La Corte di Cassazione – con la sentenza in epigrafe – ha ritenuto legittima l'applicazione da parte del C.O.A di Pescara della sanzione della censura all'incolpato che non aveva comunicato – senza giusto motivo – il deposito della sentenza al suo assistito, cui – nonostante questi ne avesse fatto espressa richiesta – aveva restituito il fascicolo processuale in suo possesso tardivamente.
La Suprema Corte, difatti, ha ravvisato gli estremi di un comportamento illecito, posto in contrasto, rispettivamente, con l'art. 40 del codice deontologico – che dispone l'obbligo di informazione del l'avvocato nei confronti del proprio cliente – e con l'art. 42 codice citato – che prevede, altresì, che egli è, in ogni caso, obbligato alla restituzione, senza ritardo, alla parte assistita della documentazione dalla stessa ricevuta per l'espletamento del mandato, quando questa ne faccia richiesta.

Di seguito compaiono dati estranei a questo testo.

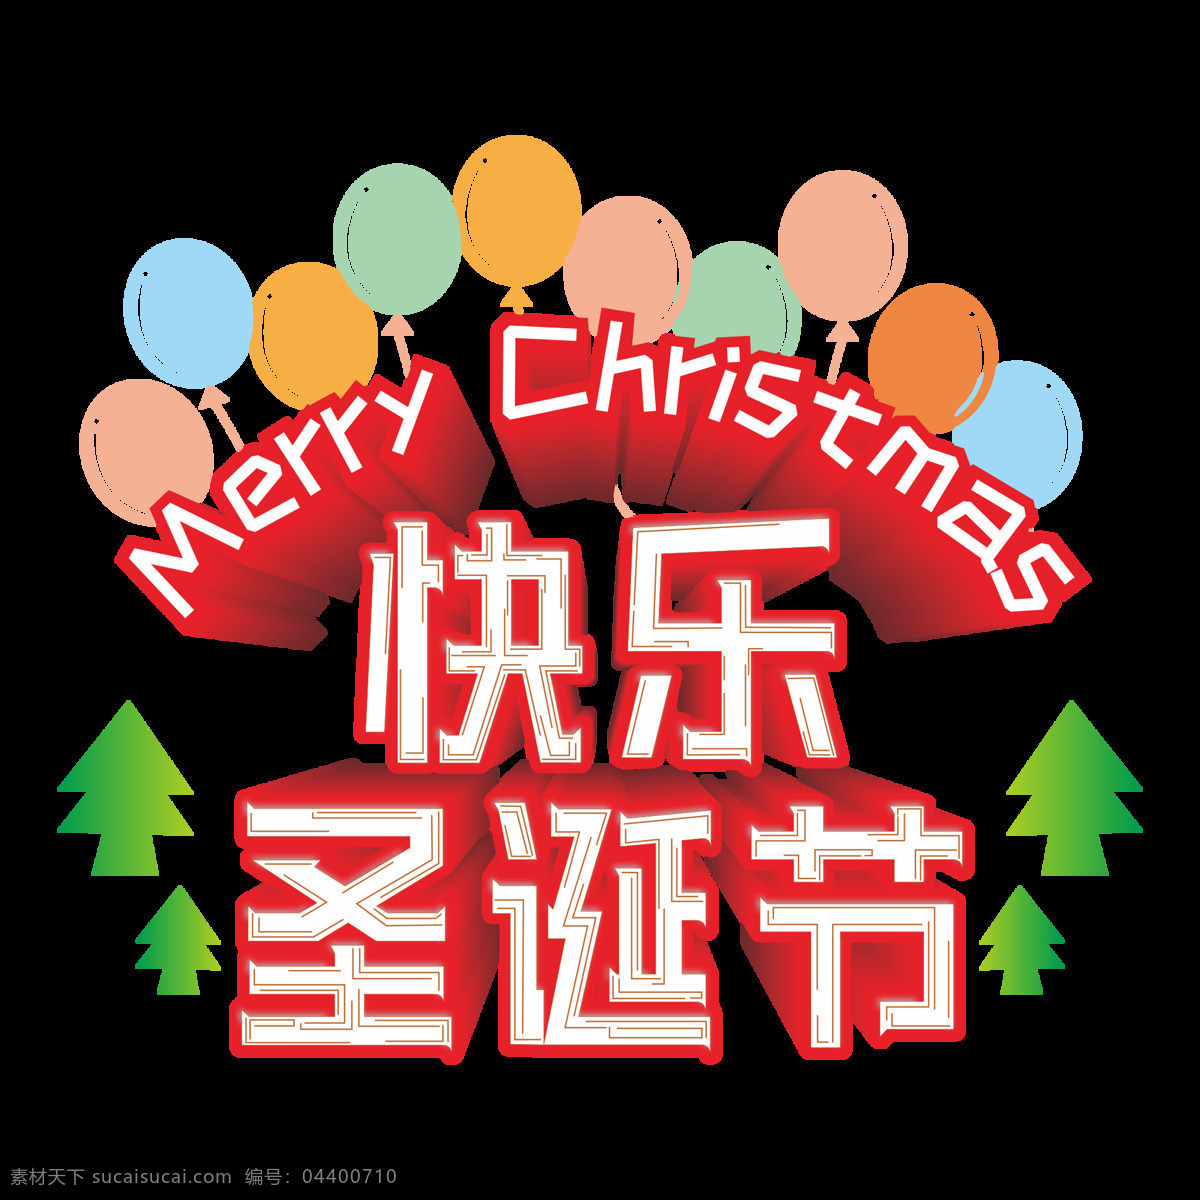 卡通 红色 快乐 圣诞节 艺术 字 立体 元素 立体字 设计元素 气球 快乐圣诞节 艺术字 原创商用 主题字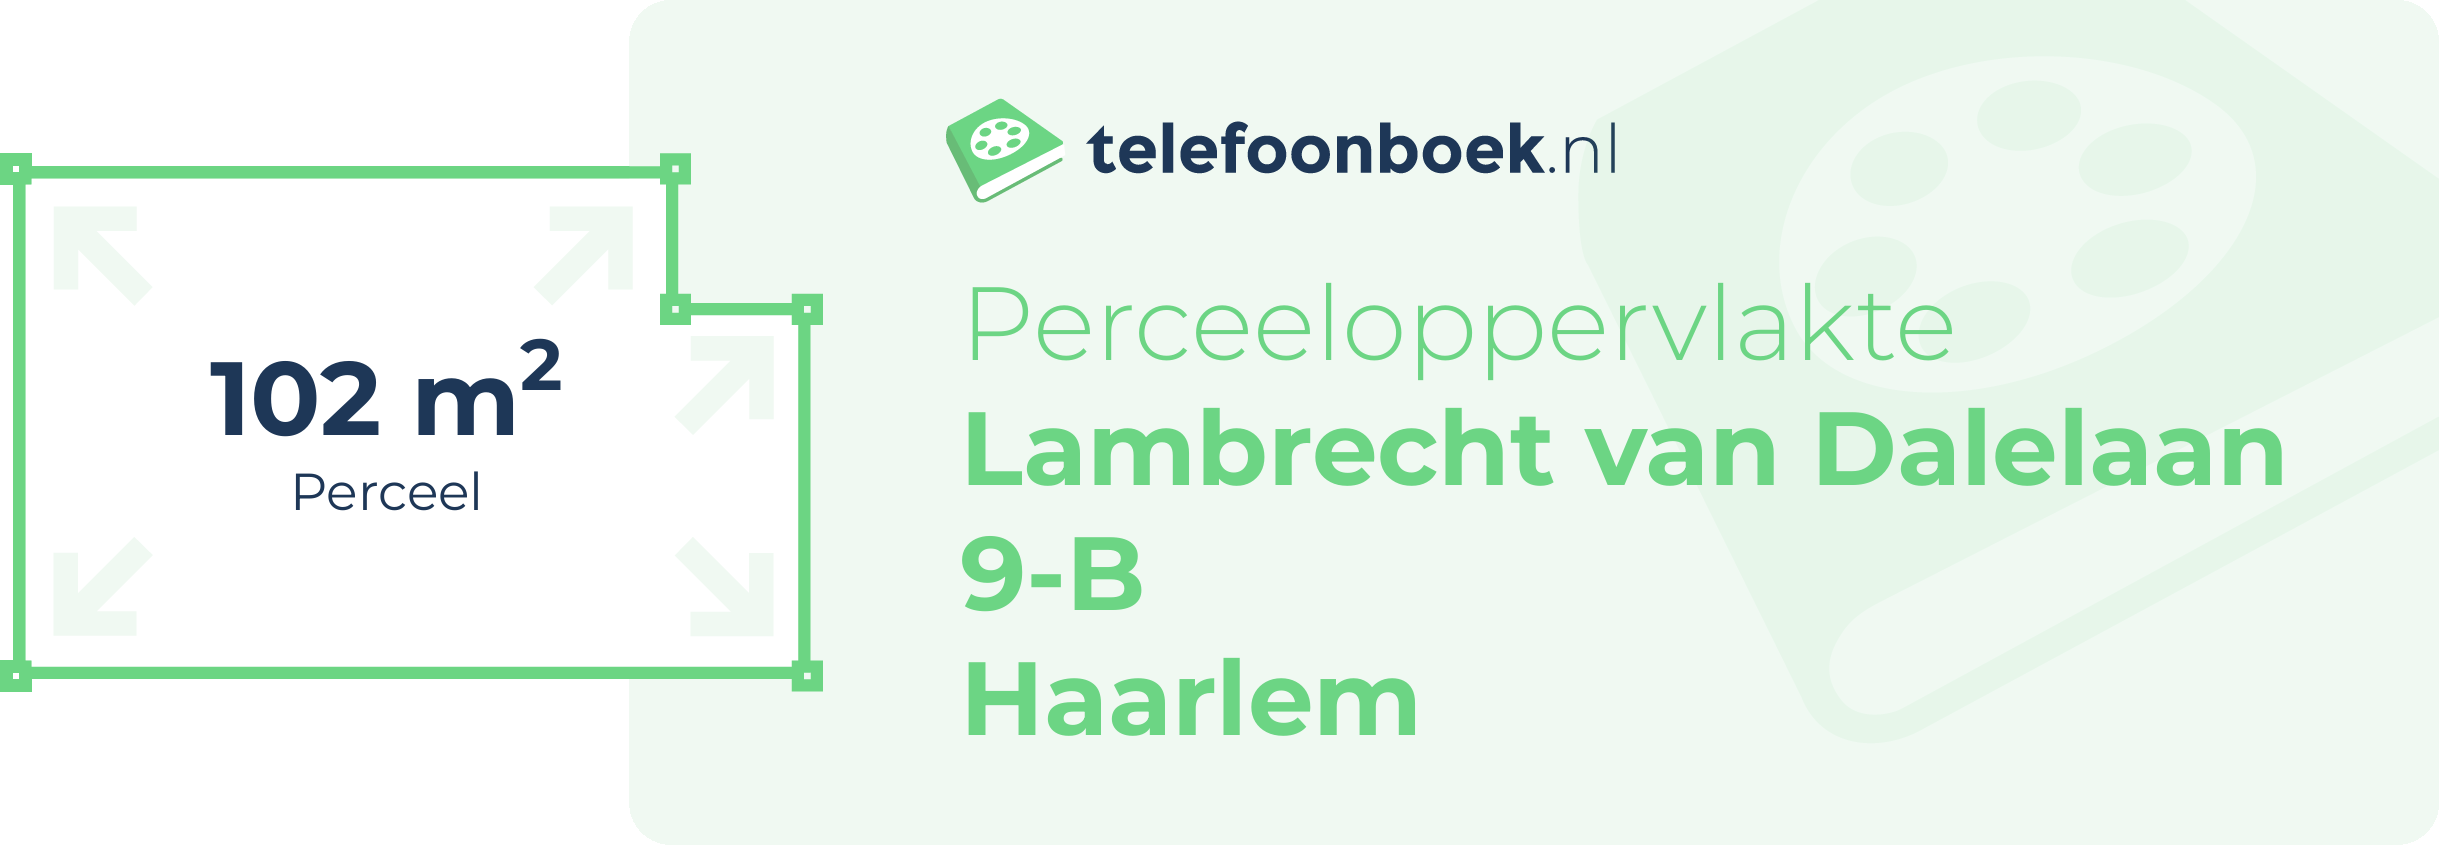 Perceeloppervlakte Lambrecht Van Dalelaan 9-B Haarlem

Il CNF – respingendo l'appello proposto dal legale al provvedimento del COA – ha accertato che, solamente dopo molto tempo e molti solleciti, la documentazione di causa è stata restituita al cliente e che – contrariamente a quanto sostenuto dal ricorrente – non risultava nessuna lettera, con cui veniva comunicato l'avvenuto deposito della sentenza da parte del Patronato.